Every measure seems designed to push the Labour Party into a corner, and into the sort of position that looks bad to middle England and the kind of socially conservative, traditionally minded Leave-inclined voters so numerous in the red wall seats and beyond. Usually, crime bills are the most effective in this cynical exercise, as was found during the last parliament when Labour went about its legitimate business of contesting and scrutinising legislation and was rewarded by being painted as the friend of the felon. So it will no doubt prove again. 

Thus, the asylum bill is designed to leave Labour “on the side of” the kinds of people that make sections of the electorate anxious for risking their lives crossing the Channel just for a chance of a better life and to escape war, persecution and poverty. The Judicial Review Bill will be similarly crafted to demonise the courts, including the Supreme Court, and metropolitan “lefty lawyers” (such as Sir Keir Starmer QC), who have nothing better to do than pursue “vexatious” cases against service personnel and frustrate the democratic will of the people by striking down the laws passed by the Commons and the “people’s government”, laws which just happen to take human rights away. It is surely only a matter of time before Priti Patel recycles that famous line about the judges being “enemies of the people”, again to predictable outrage but the quiet approval of the “left behind”.
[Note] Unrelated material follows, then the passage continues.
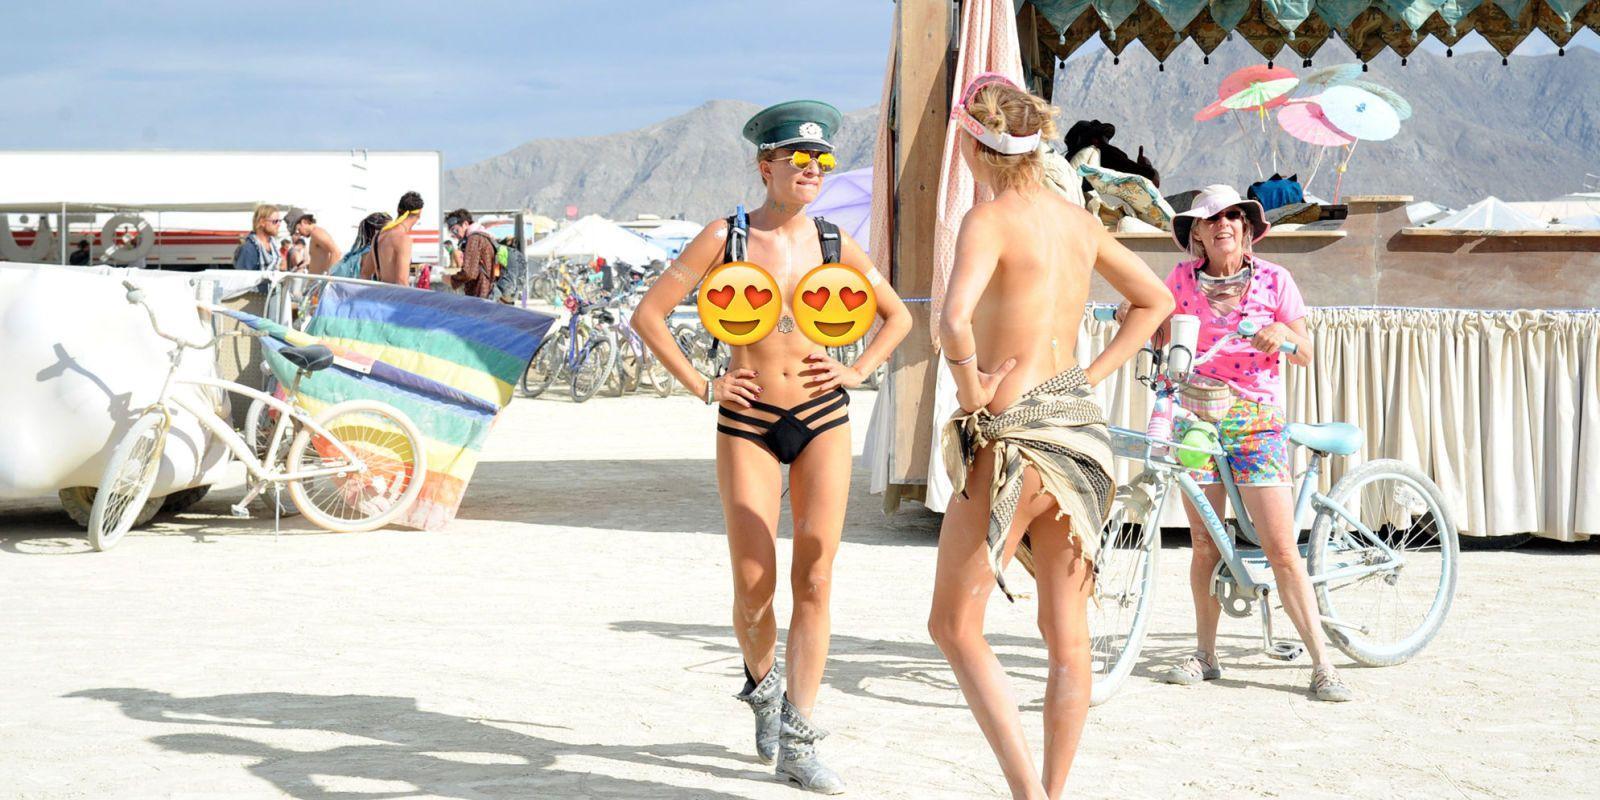 Burning man girl naked photos 630

As it happens, the Judicial Review Bill appears an act of spite for the Supreme Court’s role in Brexit and for ruling unlawful the prorogation of parliament last year, but its current and future constitutional expediency is just as clear – it will be useful to clip the Supreme Court’s powers ahead of any future judicial challenges over Scotland’s right to self-determination, the Good Friday Agreement or Brexit. 
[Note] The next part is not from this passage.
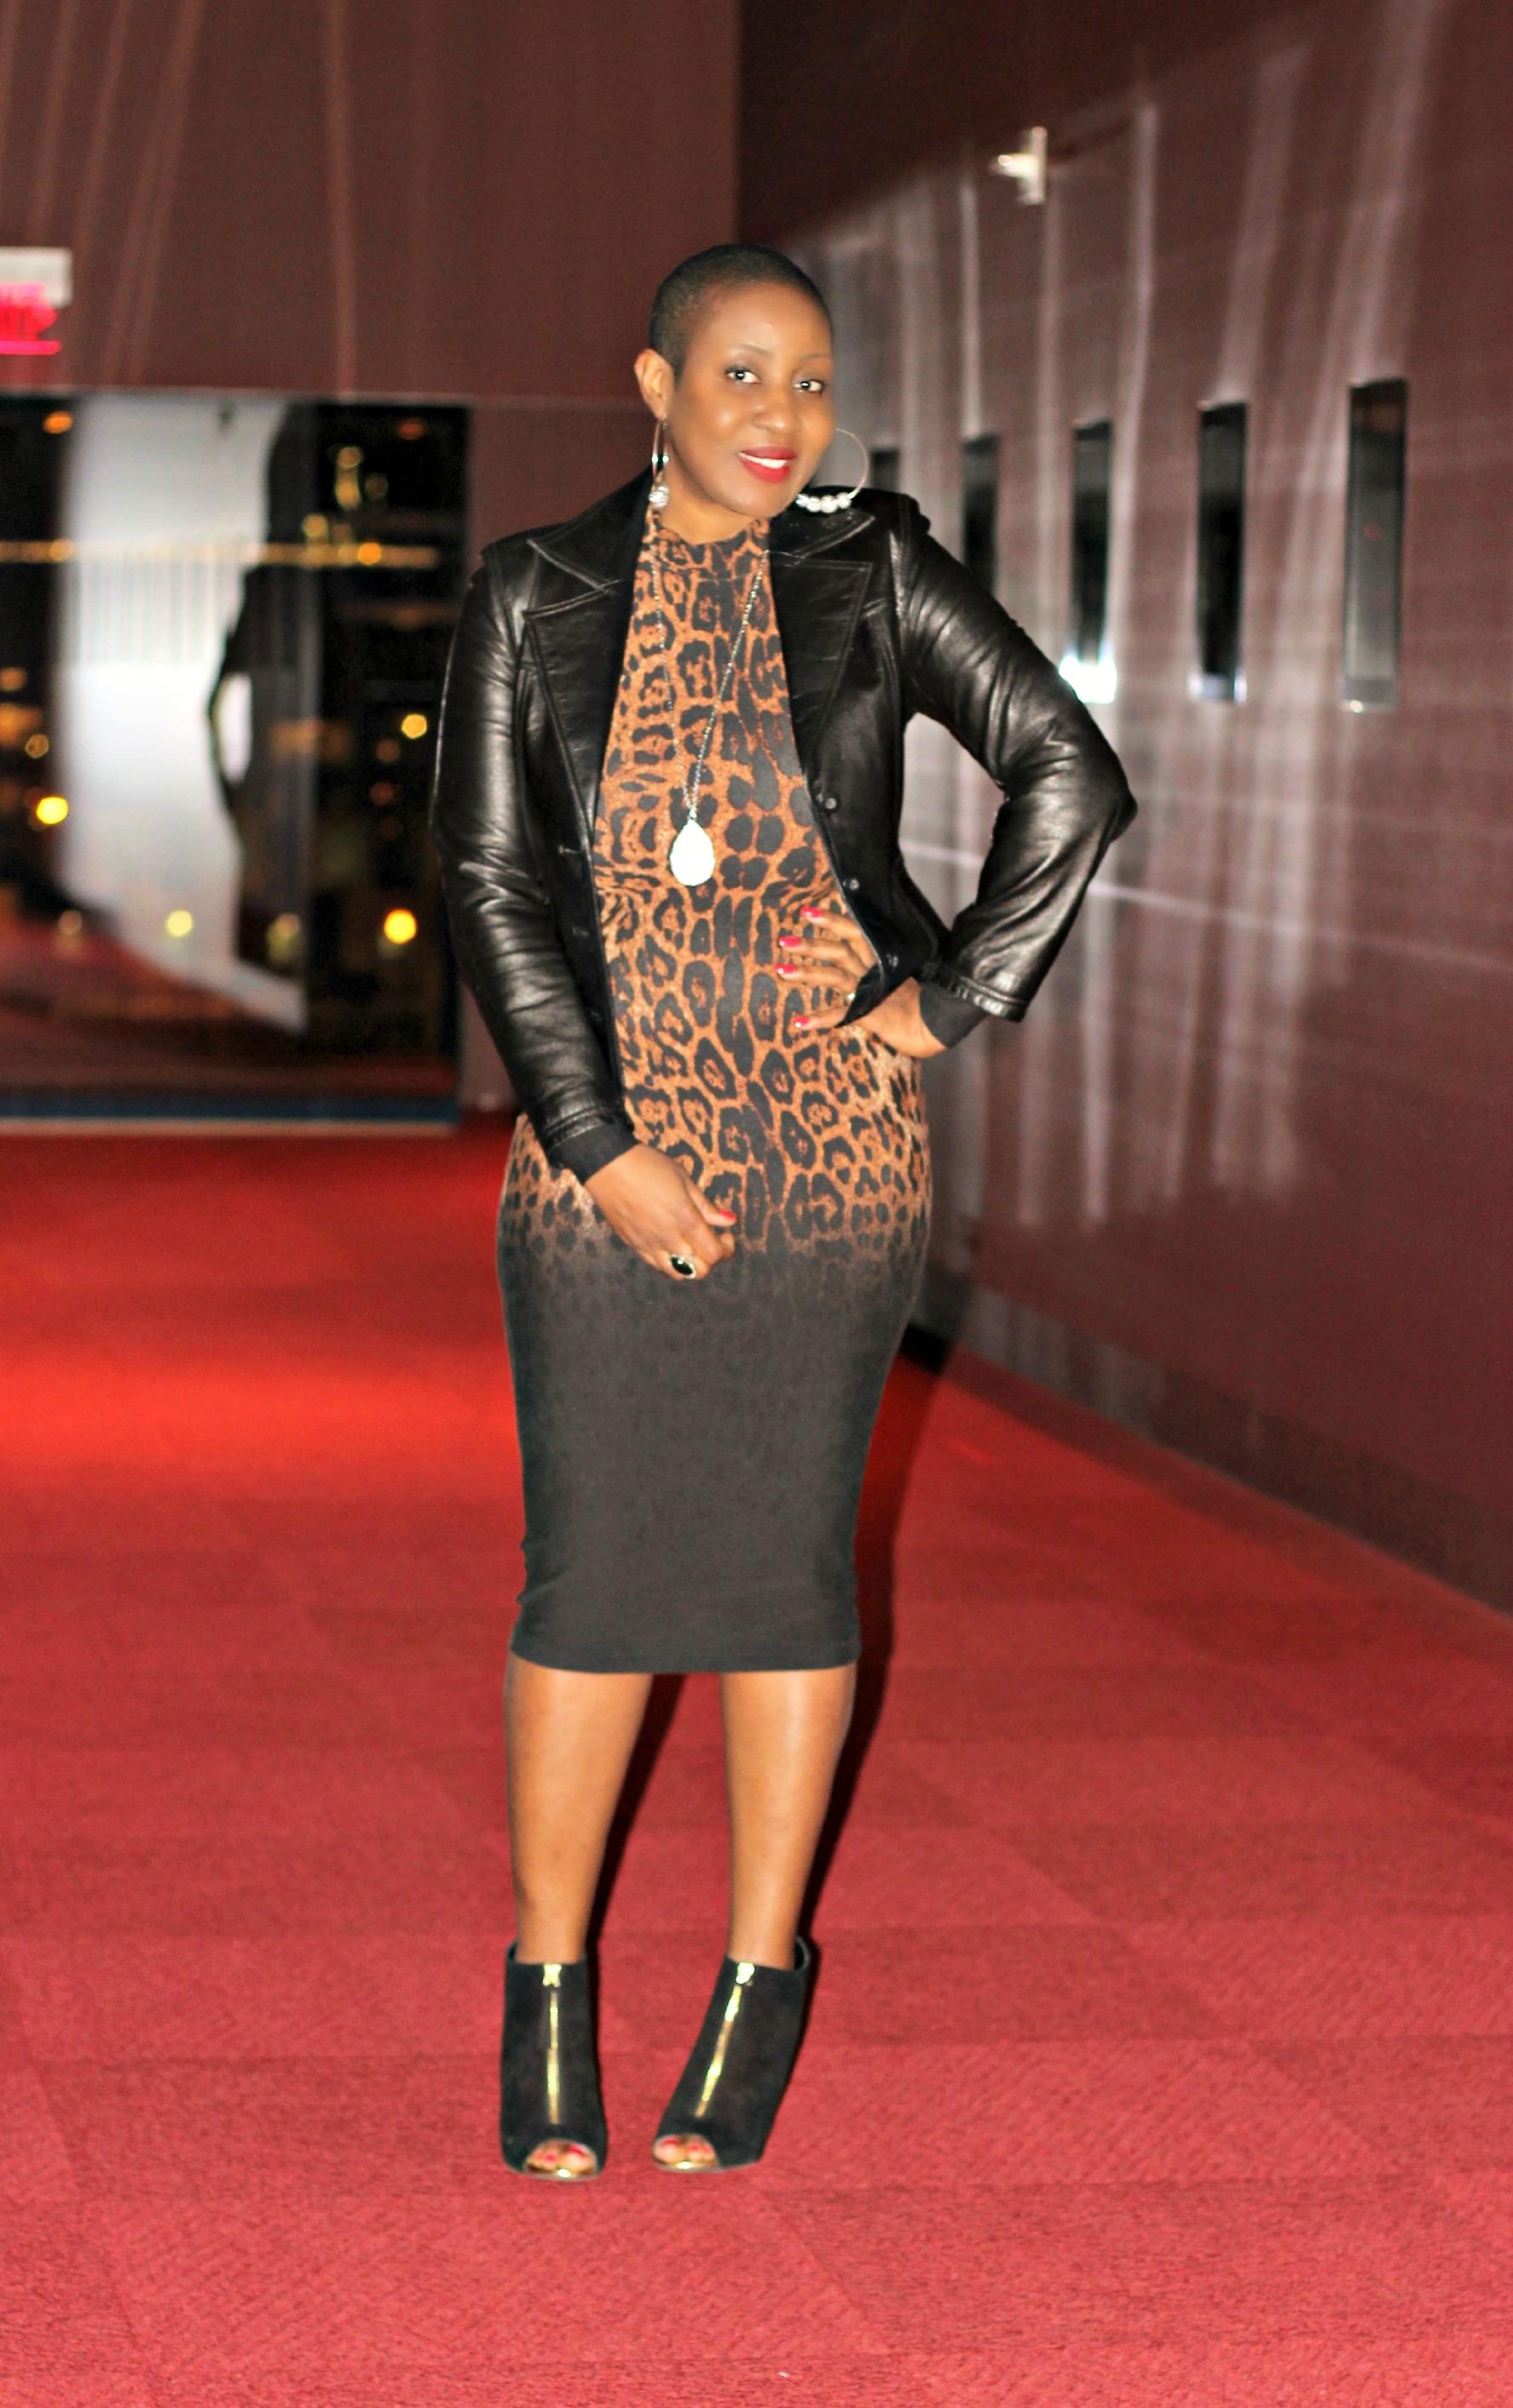 Leopard Bodycon Midi Dress Hypnoz Glam

The Electoral Integrity Bill will introduce voter ID and could suppress the vote of some, but will leave Labour, again according to the Tory spin, on the wrong side of history. It will be straight from the Donald Trump playbook. The Draft Victims Bill is a blatant attempt to ally Labour with the rights of criminals, though Sir Keir dodged that one by offering cross-party support to the measure.
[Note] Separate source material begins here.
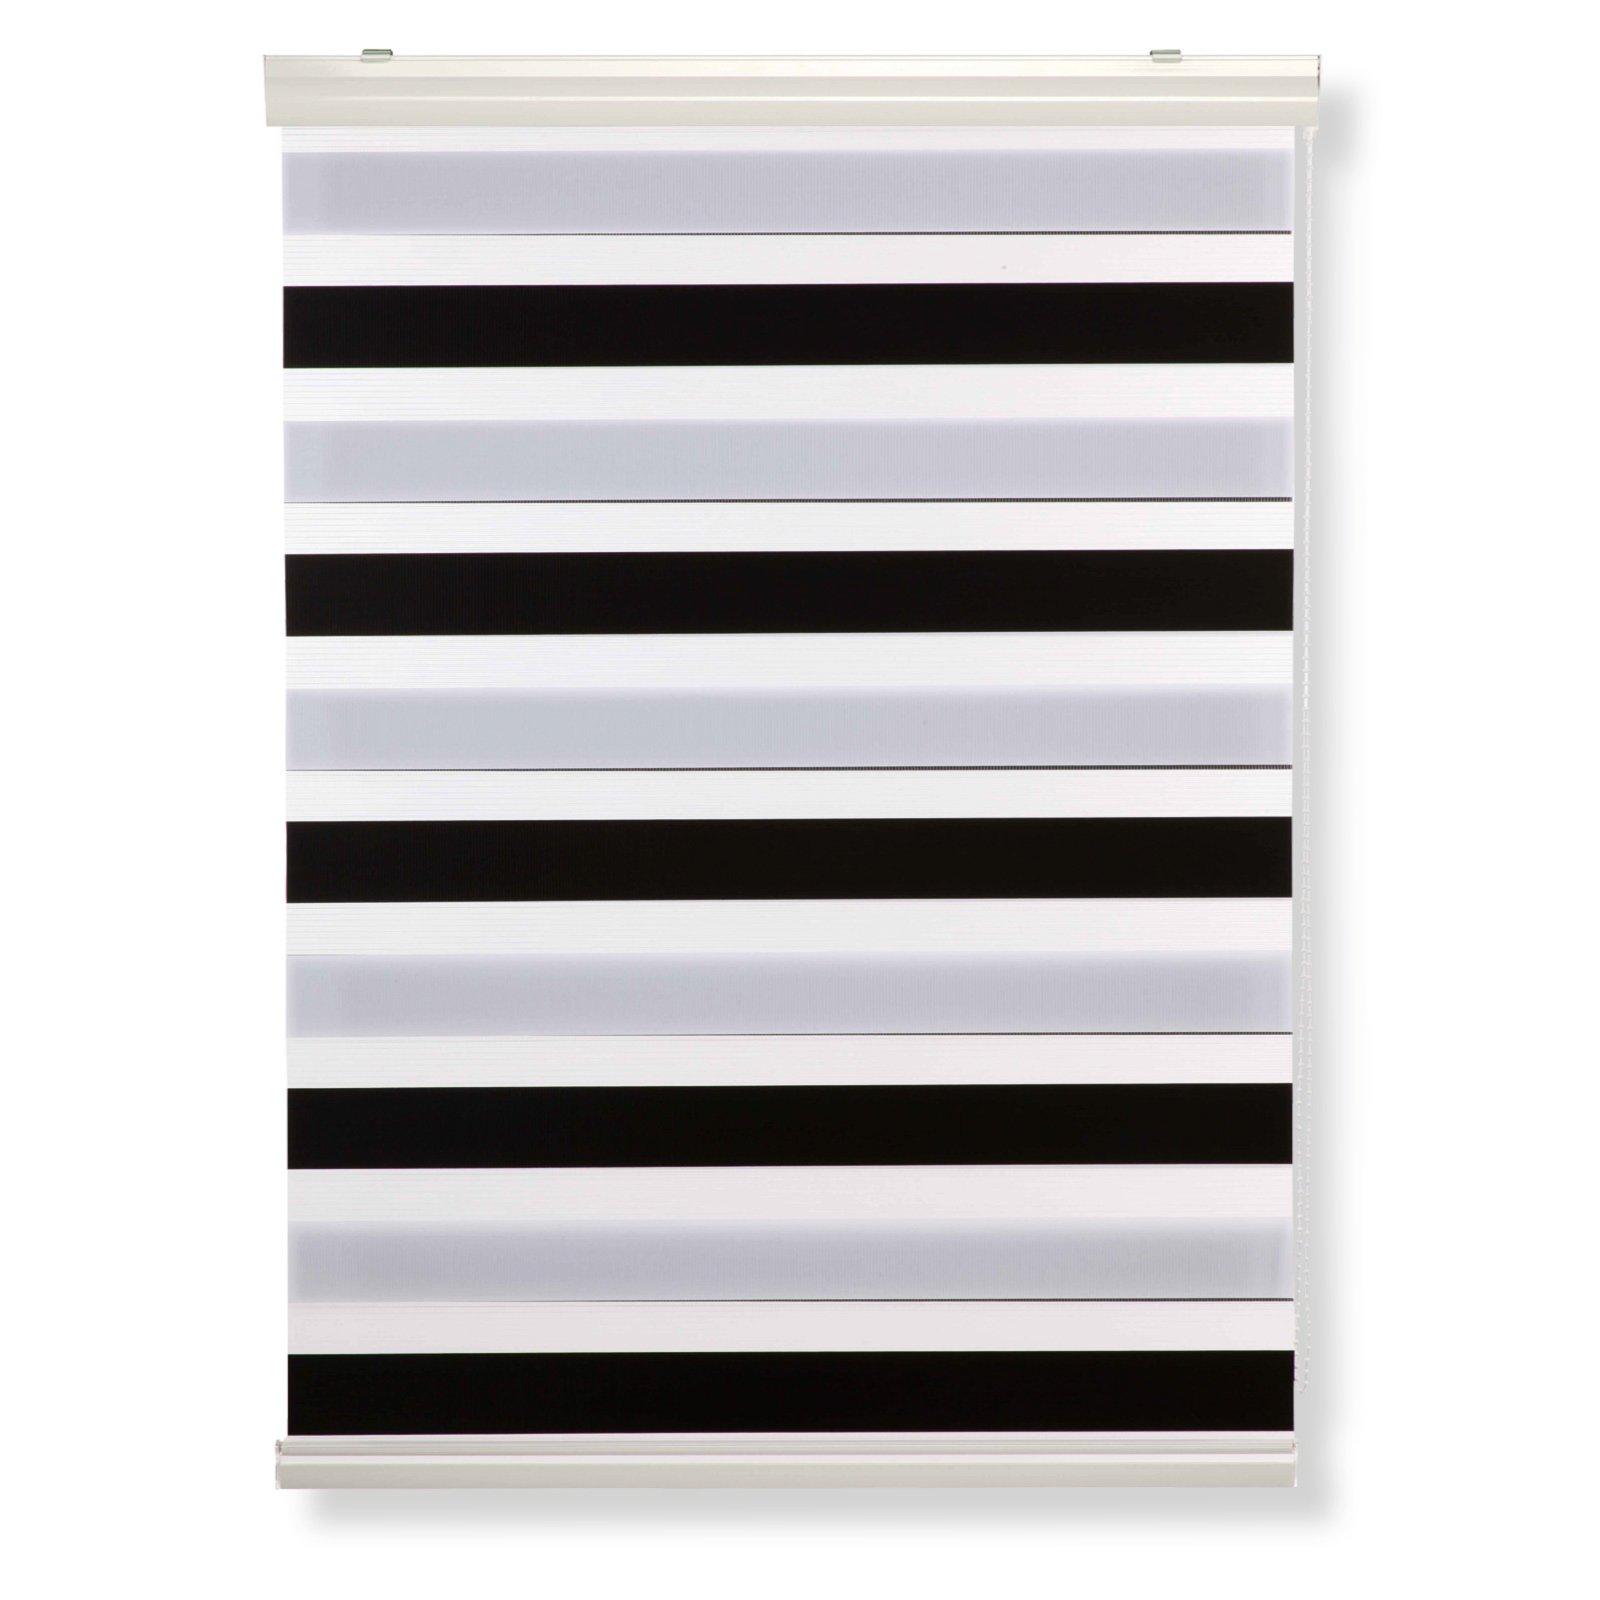 doppelrollo schwarz wei 120x180 cm doppelrollos rollos jalousien deko haushalt. Black Bedroom Furniture Sets. Home Design Ideas

The Draft Online Safety Bill seems a good way to push Labour into appearing to be the defender of criminals. It is only a small wonder that some stray line about the invaluable role of the monarchy wasn’t included, just to get Jeremy Corbyn to stand up in the House of Commons, now of all times, and demand the immediate establishment of a socialist republic and to turn Windsor over to the homeless.

The Queen’s Speech was, then, a kind of plan for our culture wars, a way to outflank Labour on the traditional battlegrounds of the economy and social justice, and instead lead them onto the battlegrounds of Britain’s ever more bitter culture wars. It is a strategy that has served the Conservatives well, electorally, but hasn’t done the country very much good. Given that the prime minister is thought to want to beat Margaret Thatcher’s 11 years in power, and will shortly win back the right to play politics with the timing of a general election, and the weakness of the opposition parties, perhaps Britain shouldn’t expect the culture wars to end soon.